**Exercise instructions:**
The listing is to be printed word for word, pictures omitted.
─── Dataset content
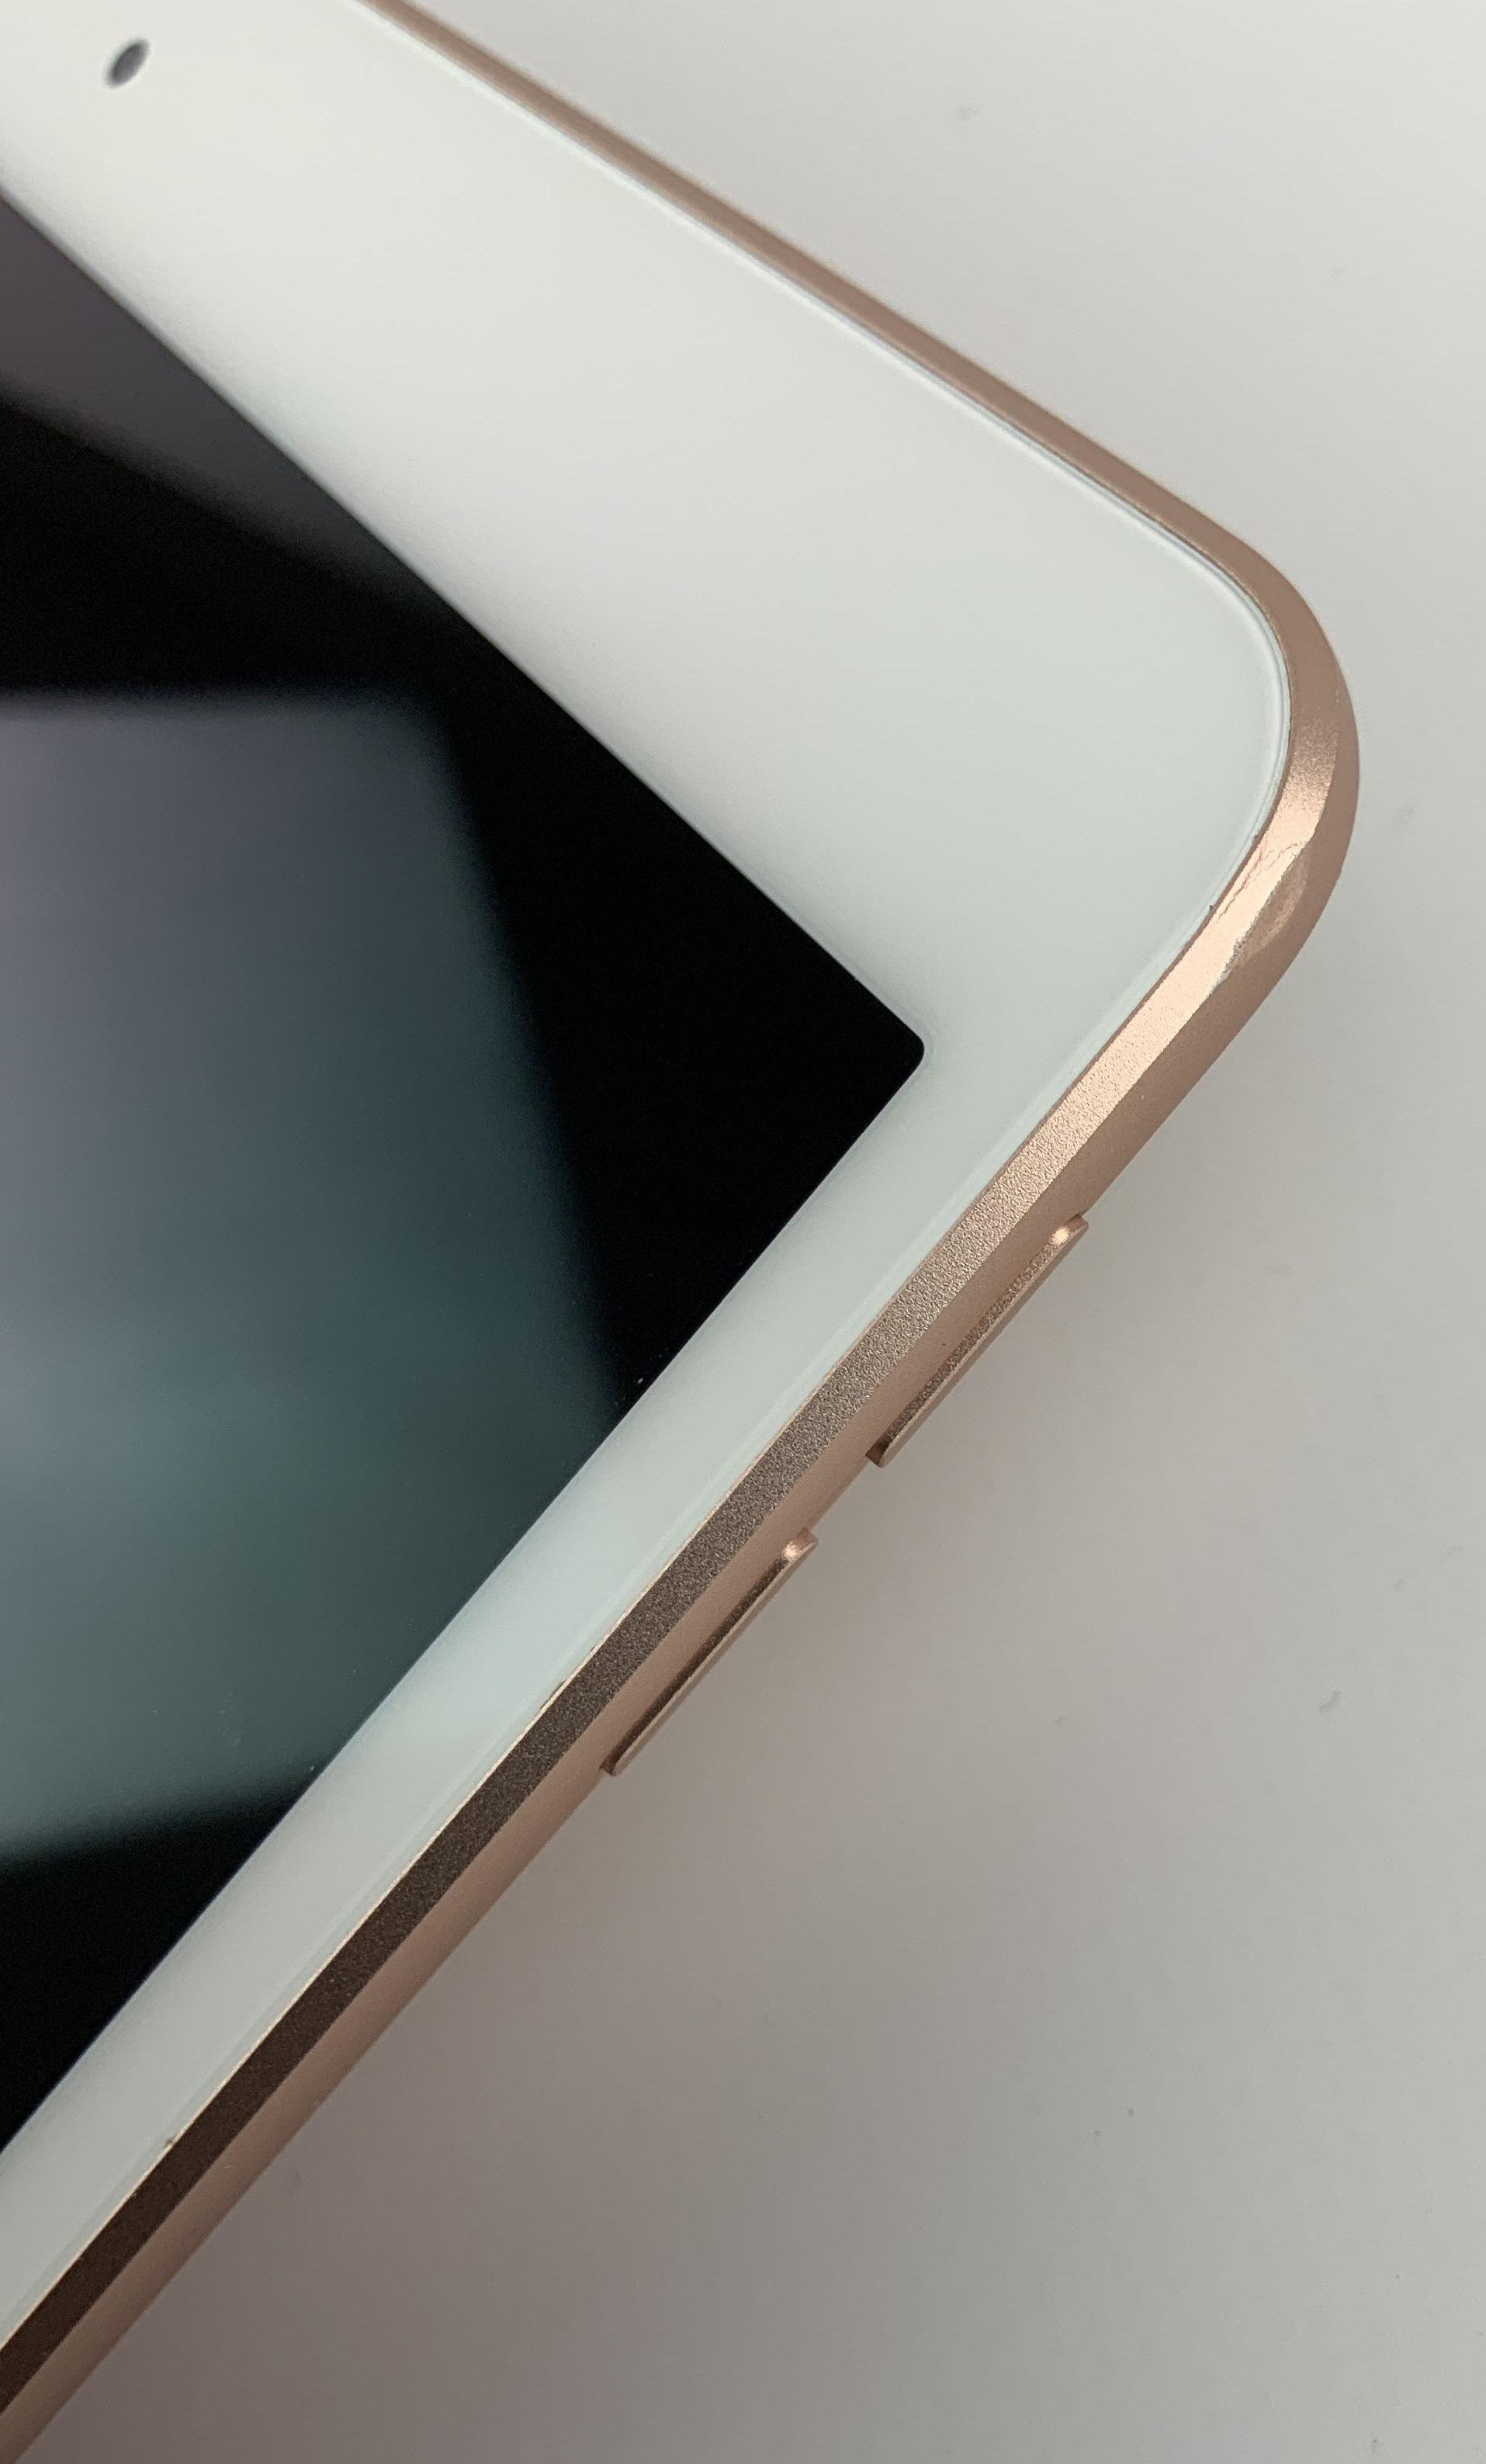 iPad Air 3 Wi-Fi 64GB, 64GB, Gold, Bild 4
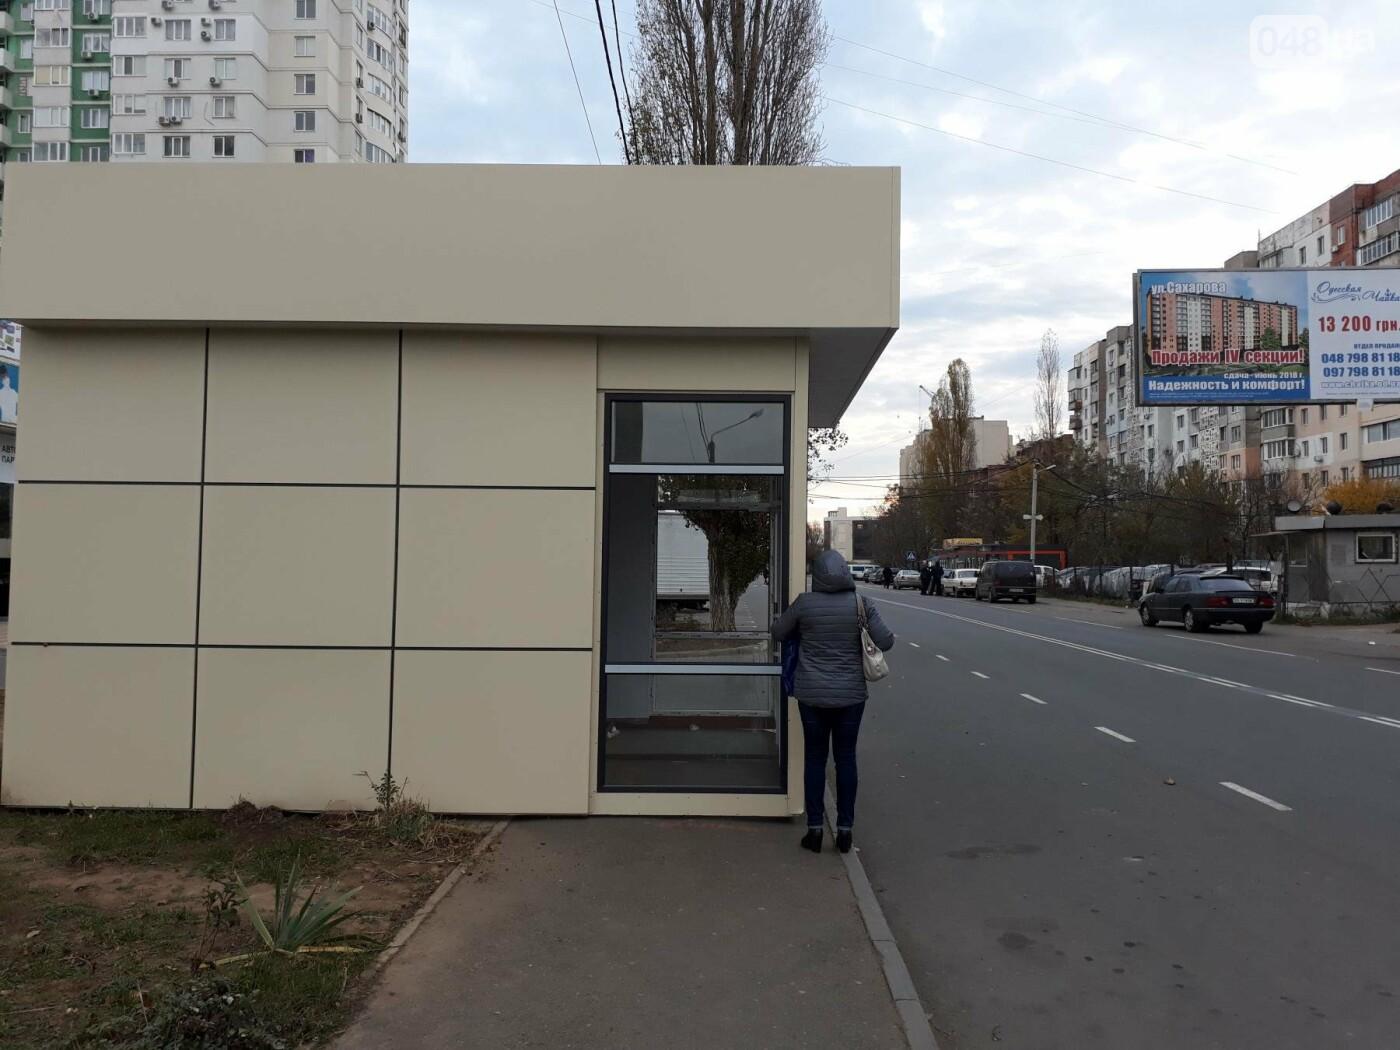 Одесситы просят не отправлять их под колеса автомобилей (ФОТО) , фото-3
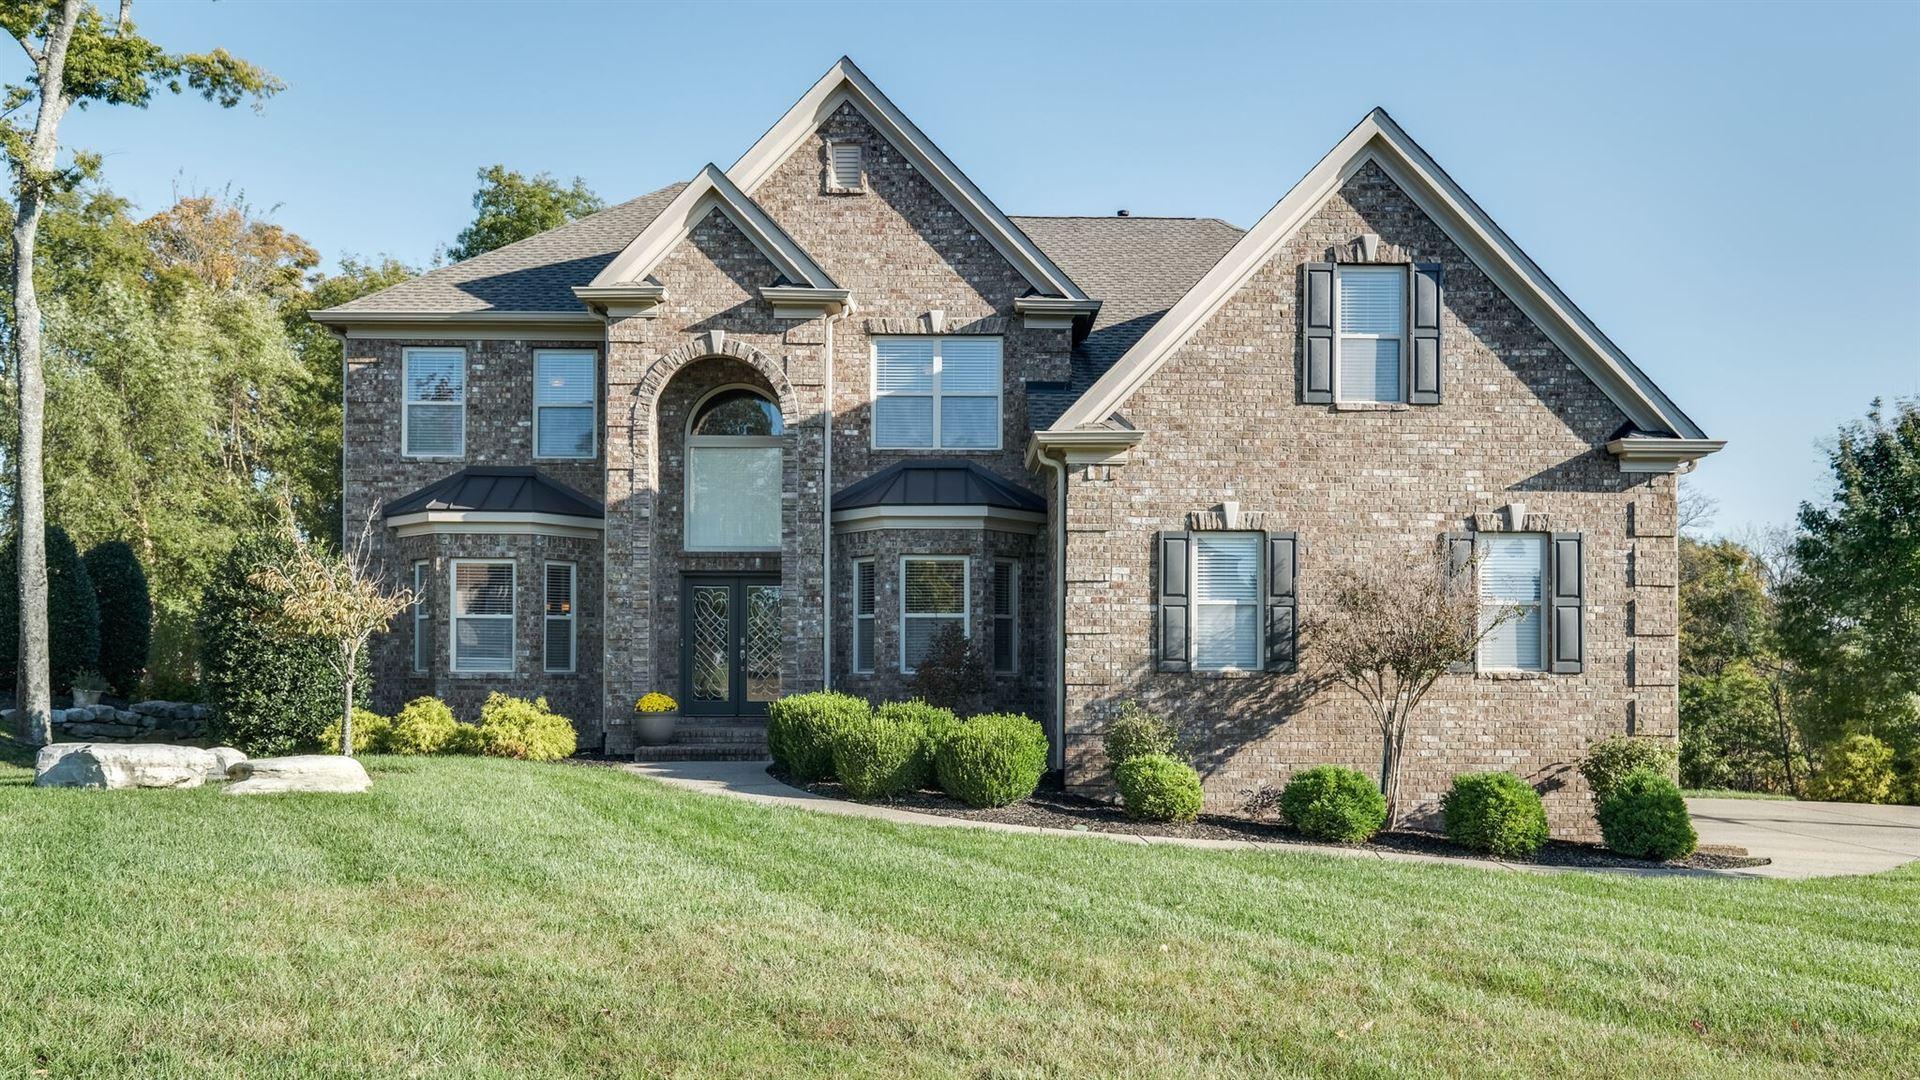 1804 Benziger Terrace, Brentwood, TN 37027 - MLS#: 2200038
──────
**Response box:**
 iPad Air 3 Wi-Fi 64GB, 64GB, Gold, Bild 4
 Одесситы просят не отправлять их под колеса автомобилей (ФОТО) , фото-3
 1804 Benziger Terrace, Brentwood, TN 37027 - MLS#: 2200038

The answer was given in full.